Author: Lauren Coleman

Last year I downloaded the meditation and mindfulness app from Headspace and unfortunately made it through just one lesson. I simply didn’t seem to be able to tell my mind not to think and found myself getting fractious as my conscious wandered off thinking of more seemingly productive things I could be doing.

Like most of you, daily life is very busy and I have a lot going on. You may or may not know but in my other life I work for a busy global organisation looking after a very talented eCommerce team, and of course you’ll have noticed I’m over on these pages frequently too. I strive to keep both roles separate and have got better at dividing time for a personal life too but alas the always-on culture we have now means work and play often overlap. Sometimes my head is a little too ‘busy’ for my liking and I’m surprised by my reactions to certain situations.
When I have a lot on my plate, even if it’s super fun or just general day-to-day tasks I can get a bit overwhelmed and find myself muddling through rather than enjoying the moment; always thinking about when I’ll have to leave to get to the next place, where I’ll buy be buying food to eat tomorrow, heavens, this week has even included planning Christmas Merchandising. At the moment it’s all about dashing around, nipping in, and thinking ahead.

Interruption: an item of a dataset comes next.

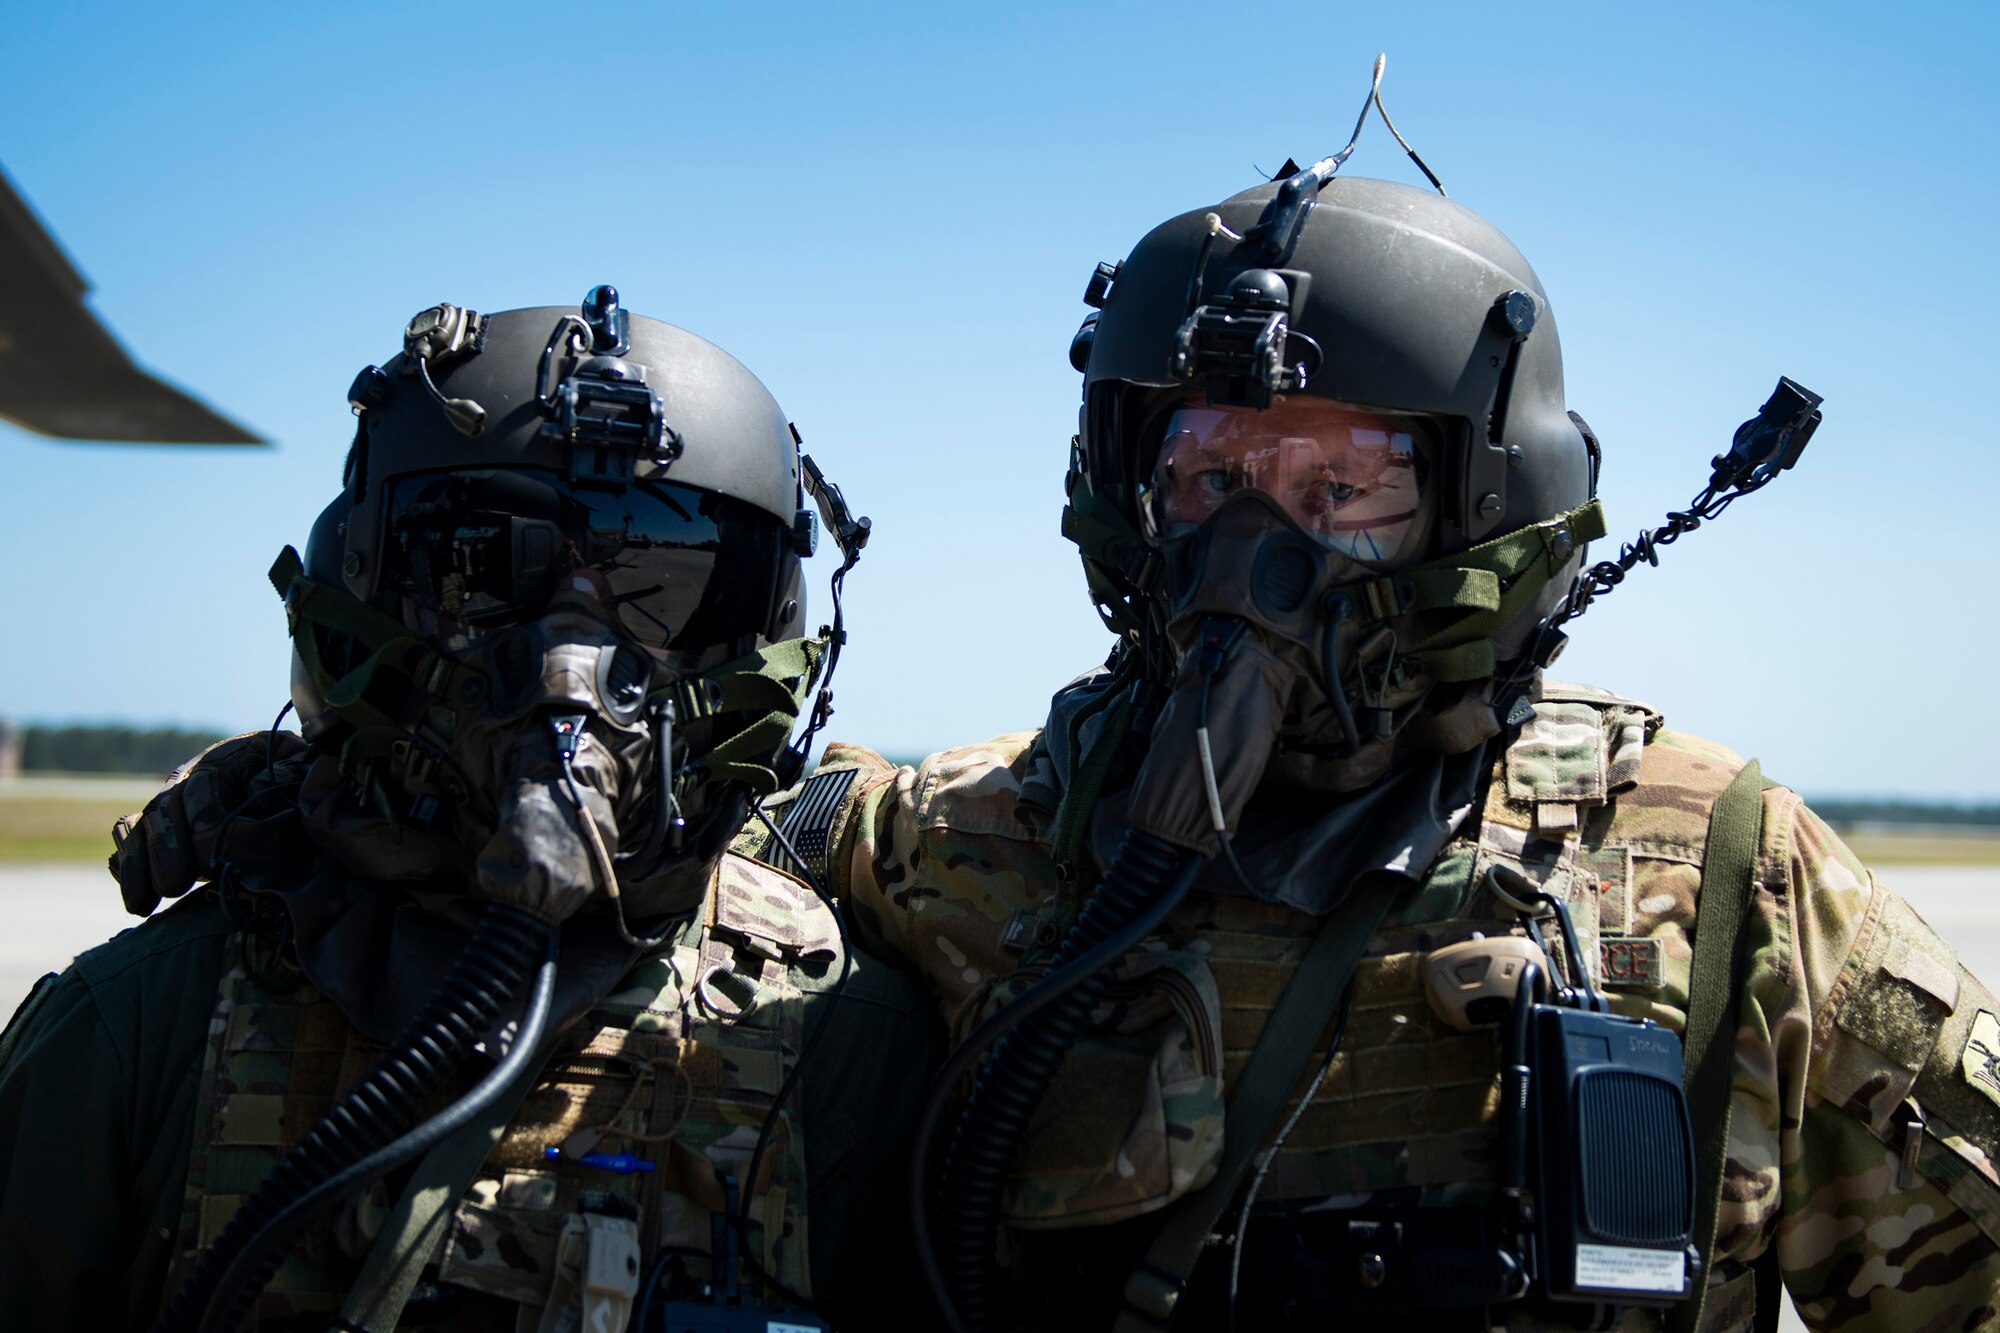 HH-60G Pave Hawk crew members from the 41st Rescue Squadron pose for a photo during a chemical, biological, radiological and nuclear exercise, March 28, 2017, at Moody Air Force Base, Ga. The Airmen were geared up in mission-oriented protective posture (MOPP) gear to simulate potential conditions they could face while deployed in austere environments. While in MOPP gear, Airmen have to deal with claustrophobic conditions, impaired communication and battle the constant threat of heat exhaustion, while completing the mission. (U.S. Air Force photo by Airman 1st Class Erick Requadt)

As my mum recovers from her illness and my four of my close friends welcome babies in to the world I see how I need to embrace the little things and focus on the here and now. Life is so blinking precious.

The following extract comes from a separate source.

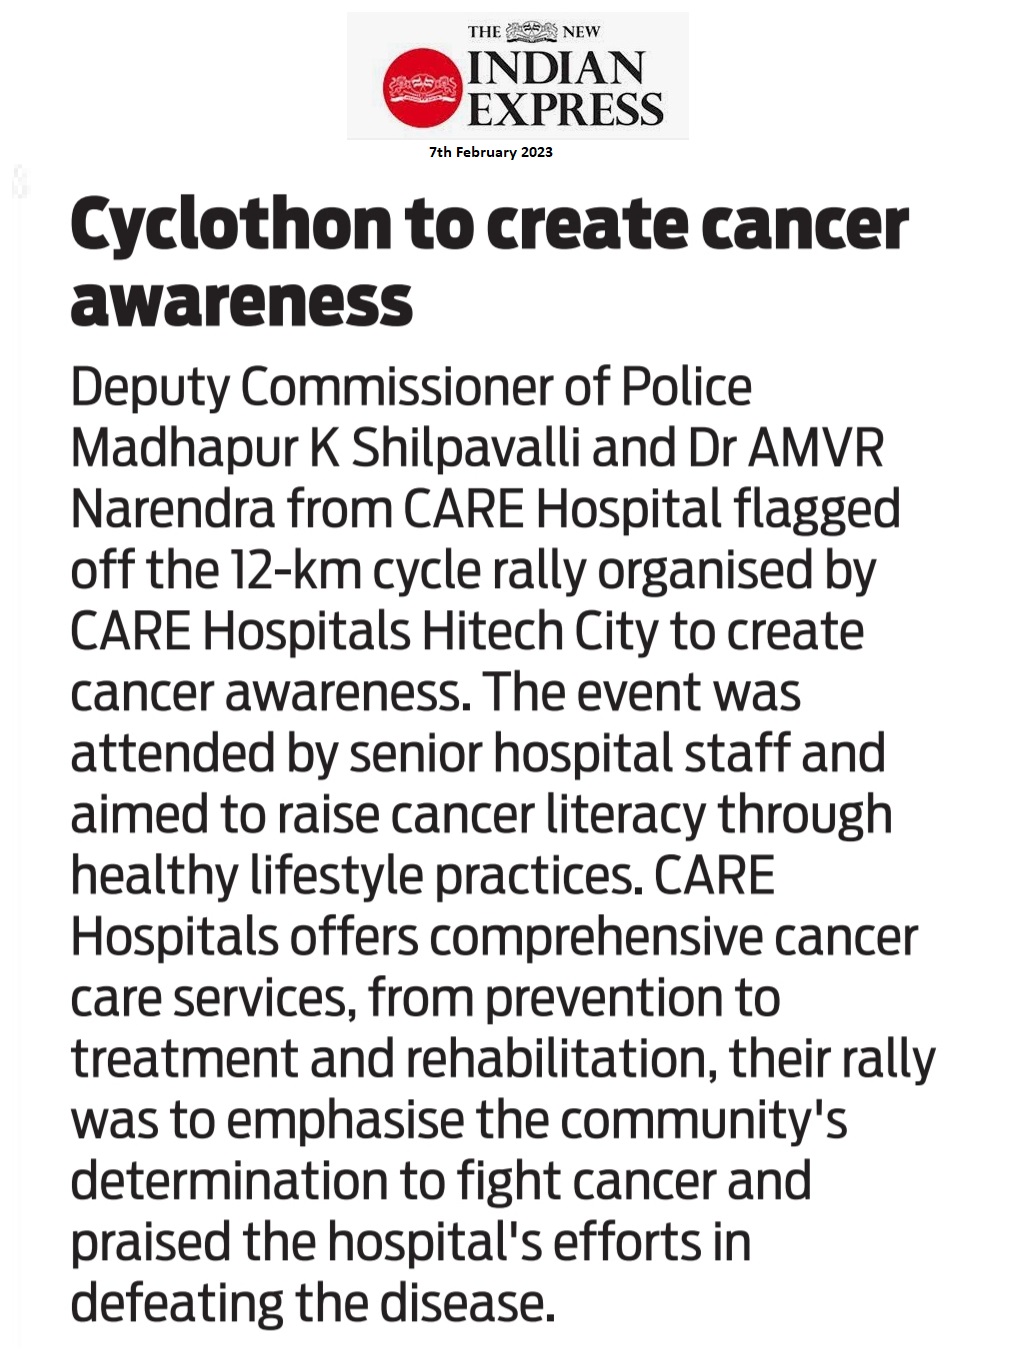 Cyclothan News Coverage in The New Indian Express

Back in my summer goals I mentioned how I was trying to take a bit more time out. Since I’ve moved to a more rural spot, the wildlife have done for offering a bit of tranquility (if you remove next door-but-one’s cockerel from the equation.) However I’ve become increasingly interested in taking the path to mindfulness again and would welcome the opportunity to switch off and gather my thoughts in a more collected way. This time I’m willing to put in a bit more effort.

Yes mindfulness seems a bit trendy at the moment but I think it’s important to look after your mental wellbeing. So girlies I’d love to hear about your own experience with mindfulness and how you’ve learned (or are learning) to be more present.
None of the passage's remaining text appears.